You will need to have the devtool R package installed after which the latest version of the package can be installed as follows

library(devtools)
install_github("ollyburren/cupcake",build_vignettes = FALSE)

Constructing a basis

Setup

Here we load cupcake and other useful packages and define the locations of various data files that we will need to construct a basis.

library(cupcake)
#> Loading required package: data.table
library(magrittr)
SPARSE_BASIS_EXTDATA <- file.path(path.package("cupcake"),"extdata","sparse_imd_basis")
SNP_MANIFEST_FILE <- file.path(SPARSE_BASIS_EXTDATA,'support/sparse_snp_manifest.RDS')
TRAIT_MANIFEST_FILE <- file.path(SPARSE_BASIS_EXTDATA,'support/sparse_trait_manifest.tab')
SHRINKAGE_FILE <- file.path(SPARSE_BASIS_EXTDATA,'support/13_trait_sparse_shrinkage.RDS')
BASIS_FILE <- file.path(SPARSE_BASIS_EXTDATA,'support/13_trait_sparse_basis.RDS')
GWAS_DATA_DIR <- file.path(SPARSE_BASIS_EXTDATA,'/gwas_data/')
NOSHRINK_BASIS_FILE <- file.path(SPARSE_BASIS_EXTDATA,'support/13_trait_sparse_basis_noshrink.RDS')

During this vignette we will create a `sparse’ basis relevant to immune mediated diseases (IMD). This sparse basis incorporates data about a small subset of SNPs (\(n<500\)) that is sufficient to capture the relationships between the input traits with over 99% accuracy as compared to a full basis where \(n \approx 300,000\). We have found such a sparse basis to be sufficient for most analyses.

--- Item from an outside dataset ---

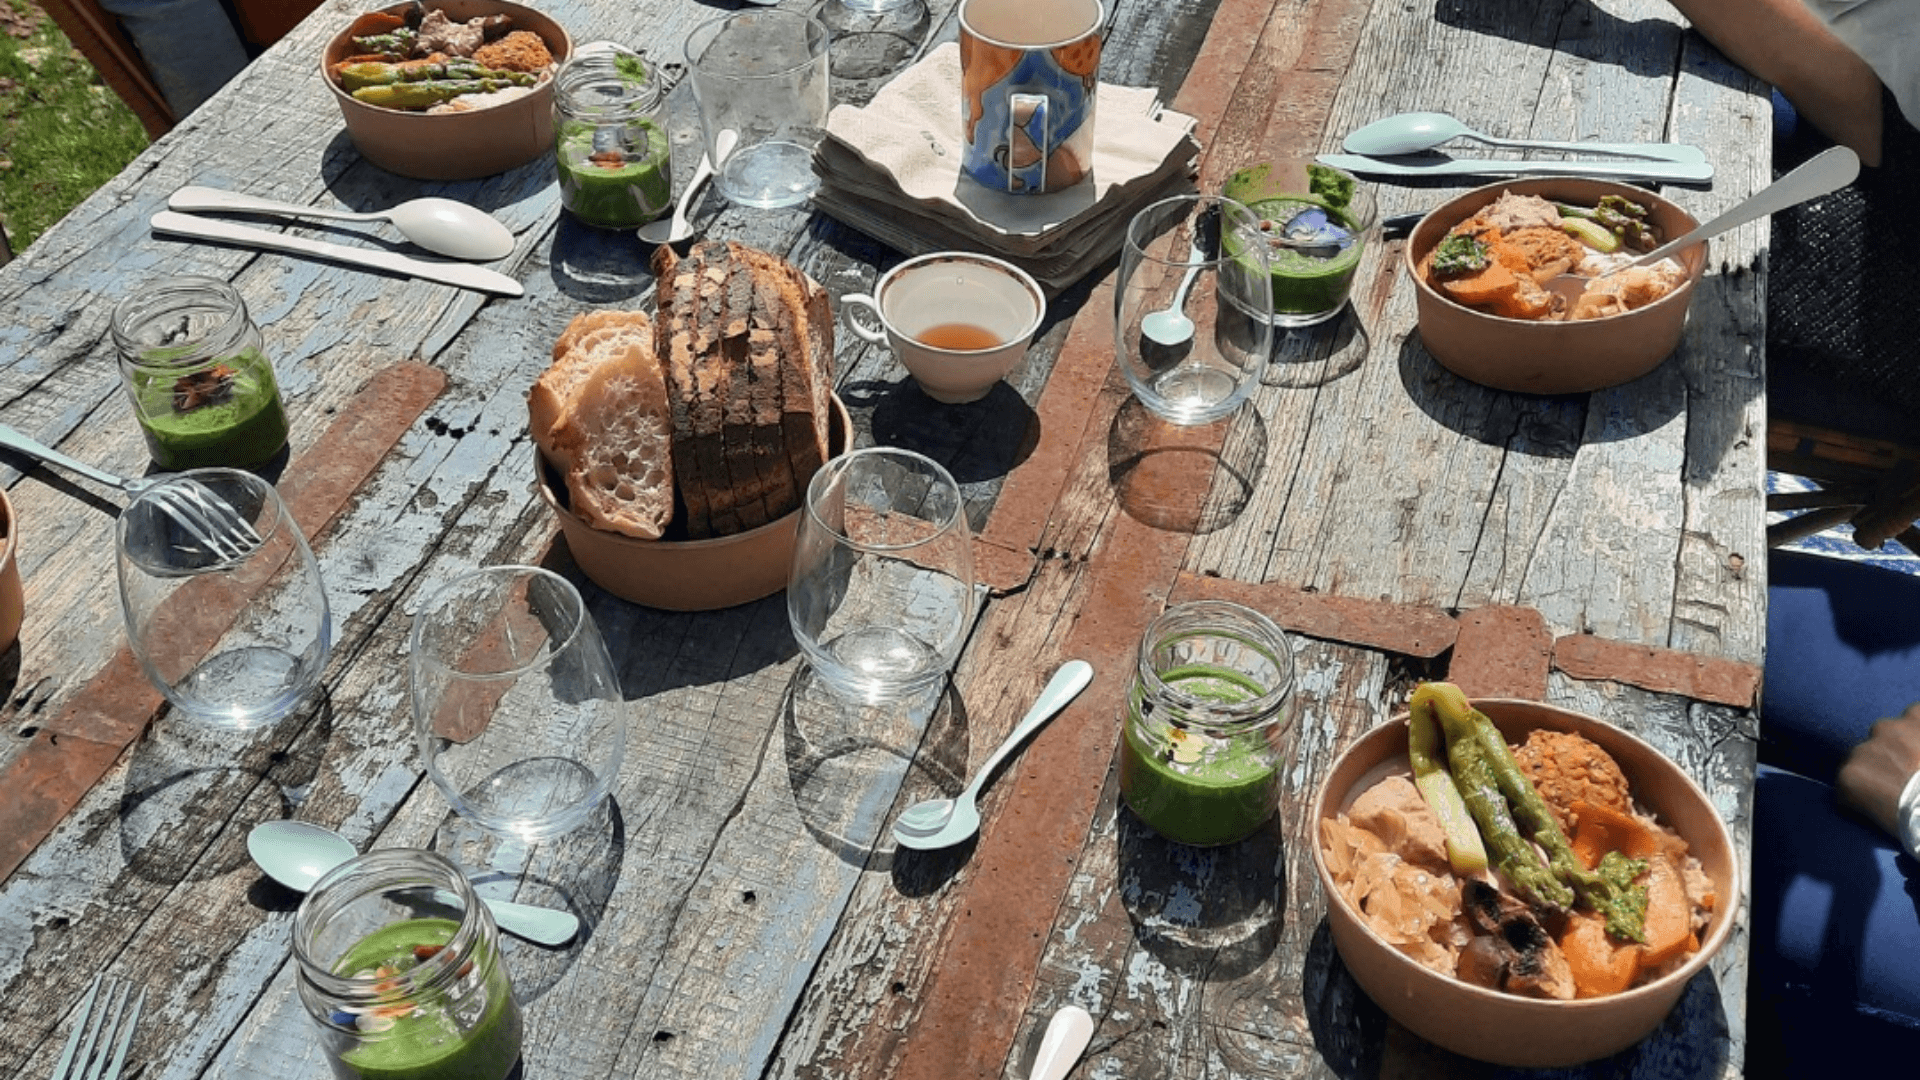 Plateaux repas traiteur posés sur une table au soleil

If you wish to create your own basis for a set of related traits you should be able to follow this vignette, please note that you will need to define your own set of input files as detailed below.

Input files

The package expects two manifest files, one describing the SNPs to include in the basis and the other describing the traits . The package makes the choice to define a pid or primary identifier for each SNP, that is a portmanteau of it’s chromomsome and position. For example, given a reference genome assembly of GRCh37, rs2476601 which has a position on chromosome 1 of 114,377,568 has a pid of 1:114377568. Whilst variants with the same position but differing alleles may exist, the fidelity of any genotyping calls of such a class of variants means that, for practical reasons, they are best removed before basis construction.

SNP Manifest

Each row of this file (see /private/var/folders/zw/s4pwsm154rs7fjpf1v8jcvym0000gp/T/RtmpzljjHk/temp_libpath5e962e03c59/cupcake/extdata/sparse_imd_basis/support/sparse_snp_manifest.RDS) describes a non redundant (see above) set of SNPs to include in the basis. Note that for de novo basis creation this should represent the maximal number of SNPs for which data is available across all basis studies.

readRDS(SNP_MANIFEST_FILE) %>% head(.,n=5) %>% knitr::kable()

pid	ref_a1	ref_a2	ref_a1.af	ld.block
1:2513216	C	T	0.514546	4
1:2526746	A	G	0.642687	4
1:2709164	C	A	0.666887	4
1:4698559	C	T	0.839196	10
1:8180210	G	A	0.808120	17

pid - See above.
ref_a1 - Allele 1 (A/G/C/T/I/D).
ref_a2 - Allele 2 (A/G/C/T/I/D) - the effect allele.
ref_a1.af - The allele frequency of ref_a1 (estimated from a suitable reference population).
ld.block - A number grouping a block of SNPs in high LD (see note).

The ld.block column assigns each SNP to an approximately LD independent block. We have derived ours from HapMap recombination data and these are available in /private/var/folders/zw/s4pwsm154rs7fjpf1v8jcvym0000gp/T/RtmpzljjHk/temp_libpath5e962e03c59/cupcake/extdata/sparse_imd_basis/hapmap.ld.tab.

Trait Manifest

Each row of this file describes a trait (see /private/var/folders/zw/s4pwsm154rs7fjpf1v8jcvym0000gp/T/RtmpzljjHk/temp_libpath5e962e03c59/cupcake/extdata/sparse_imd_basis/support/sparse_trait_manifest.tab) toinclude in basis creation.

fread(TRAIT_MANIFEST_FILE) %>% head(.,n=5) %>% knitr::kable()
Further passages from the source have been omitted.